Not all harmonics are created equal! Here’s why:
- Positive sequence harmonics (4th, 7th, 10th…): These add their energy to the main wave causing equipment like wires, transformers, and conductors to overheat. It’s like adding more traffic to an already crowded road leading to congestion and breakdowns.
- Negative sequence harmonics (2nd, 5th, 8th…): These are the troublemakers. They spin in the opposite direction compared to the main wave. In a motor, this creates a tug of war between the main magnetic field and the negative sequence one, weakening the overall field. This weakens the motor’s ability to turn (torque) and can lead to problems.
- Triplen harmonics (3rd, 6th, 9th…): These have a special twist, they don’t rotate at all. They flow between the phases and the neutral or ground connection. Although they can still cause issues, they differ from the other two types.
Positive and negative sequence harmonics partially cancel each other out in a balanced system. But, triplen harmonics (3rd, 6th, 9th…) are a different story.
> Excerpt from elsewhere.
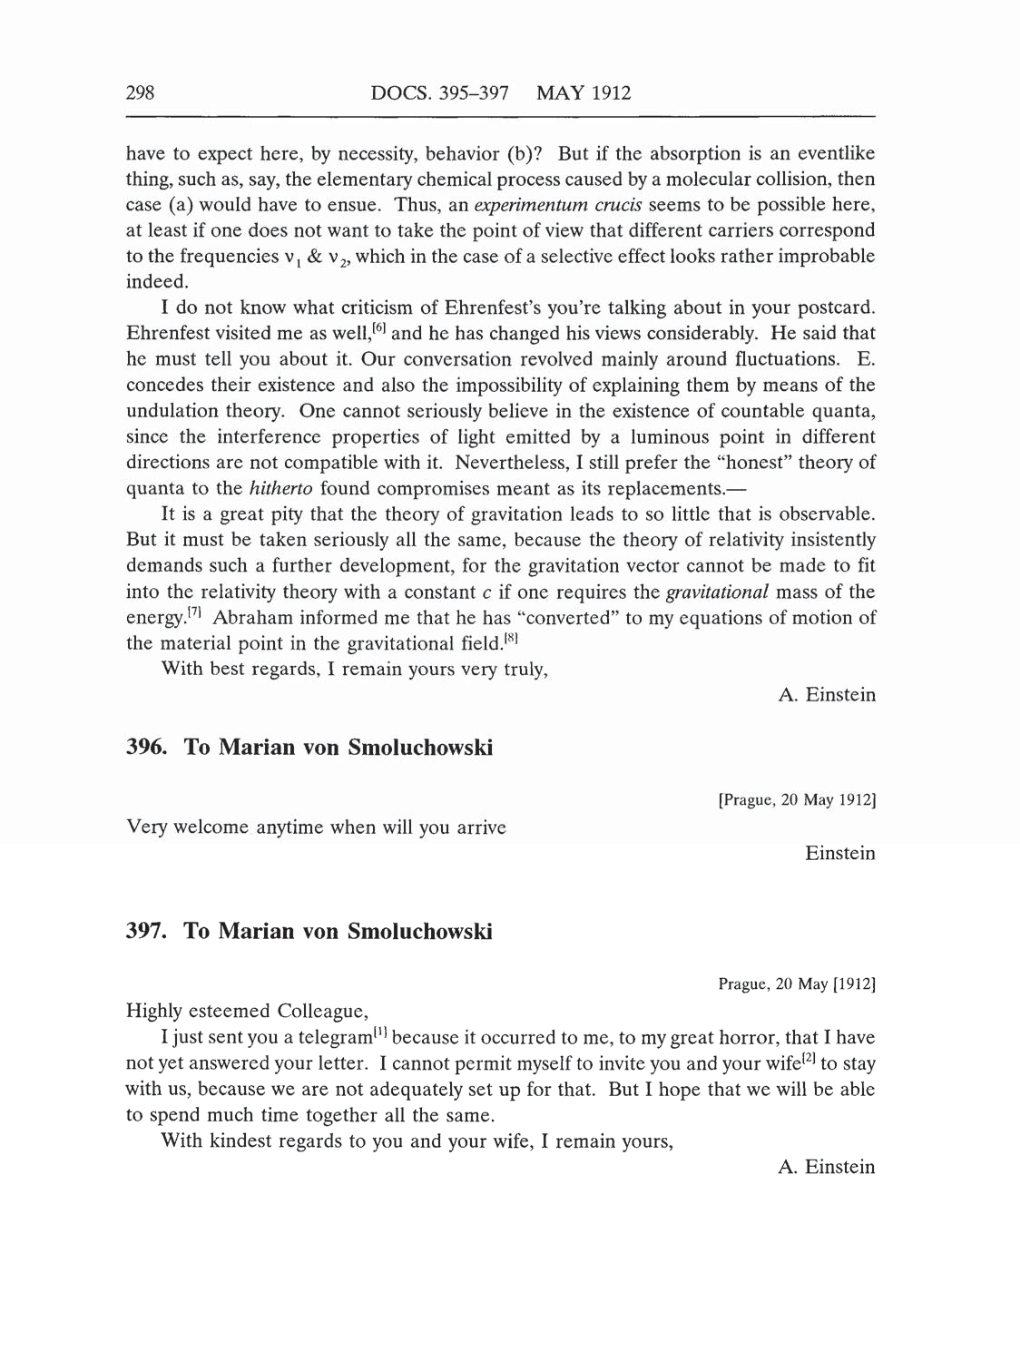 Volume 5: The Swiss Years: Correspondence, 1902-1914 (English translation supplement) page 298
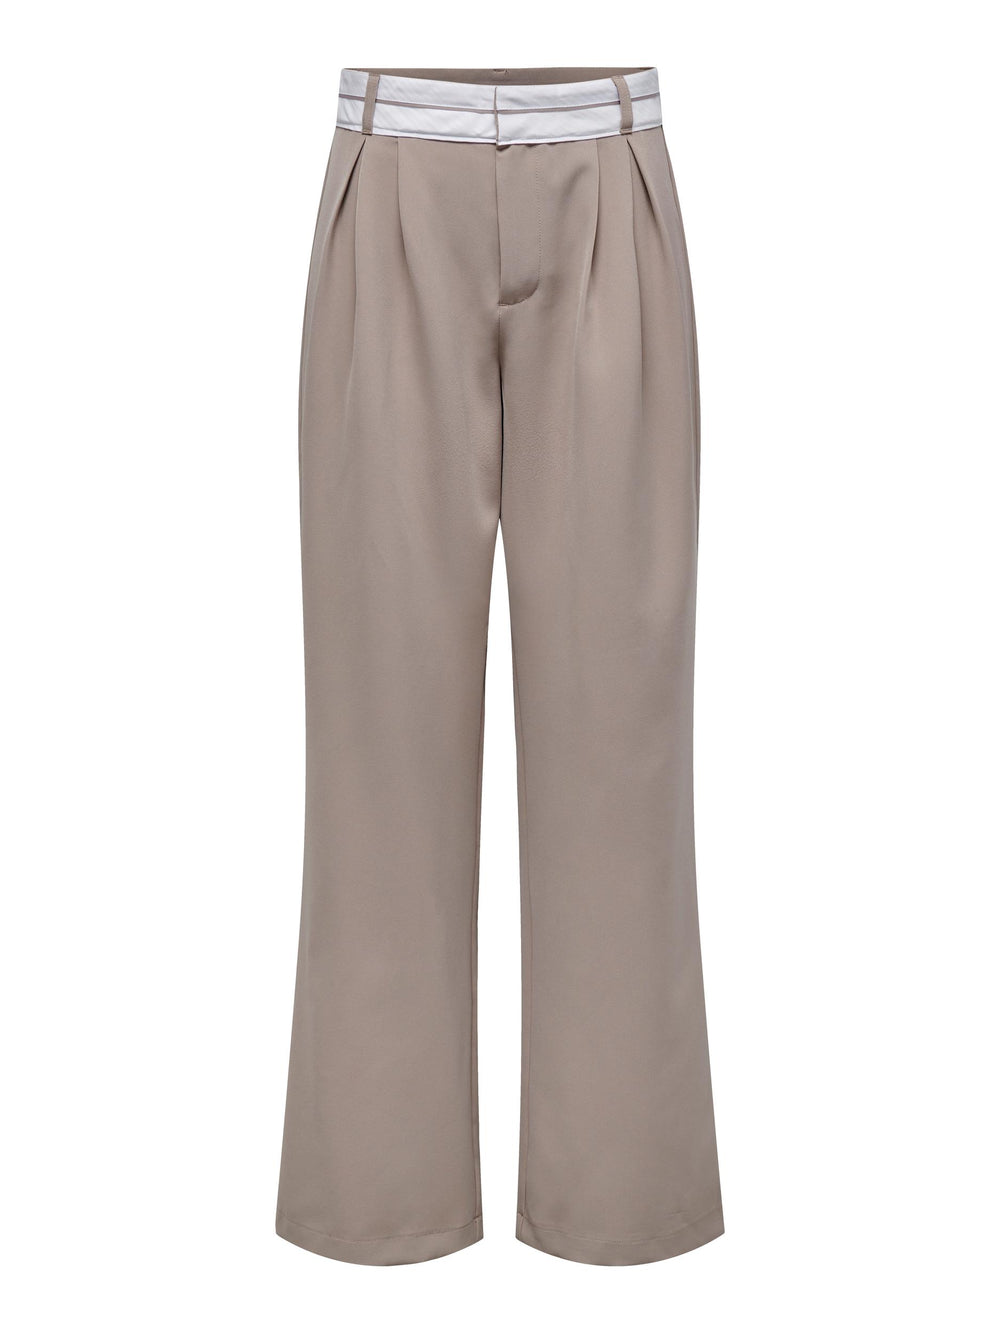 ONLY Malika Wide Leg Relaxed Dad Trousers with Rolled Waistband in Beige - One Nation Clothing

Unlike the others, they dont cancel and instead add up in the neutral wire. Since this wire carries current from all three phases, the triplen harmonic current can be as much as three times the current of a single phase at the fundamental frequency! This overload makes the neutral wire less efficient and prone to overheating.
Heres a quick recap of the sequence effects for a common 50 Hz fundamental frequency:
Sequencing of Harmonics
| Name | Fund. | 2nd | 3rd | 4th | 5th | 6th | 7th | 8th | 9th |
| Frequency, Hz | 50 | 100 | 150 | 200 | 250 | 300 | 350 | 400 | 450 |
| Sequence | + | – | 0 | + | – | 0 | + | – | 0 |
The concepts of positive, negative, and triplen harmonics hold true even for systems with a fundamental frequency of 60 Hz.
| Sequence | Rotation | Harmonic Effect |
| + | Forward | Severe Heat Buildup |
| – | Reverse | Harmonic-Induced Torque Issues |
| 0 | None | Causes excessive current buildup in the neutral wire, resulting in heat generation. |
Conclusions:
Harmonics: The Uninvited Guests in Your Power System
Imagine your electrical circuit humming along at its normal frequency (50 Hz or 60 Hz). Suddenly we have these uninvited guests, these are harmonics, higher frequency waves that distort the smooth flow of electricity.
These unwelcome visitors werent a big issue in the past. But, with the rise of electronic devices like motor drives, switching power supplies, and energy-saving fluorescent lights, they’ve become more common. Why? Because these devices don’t draw power as smoothly as traditional equipment.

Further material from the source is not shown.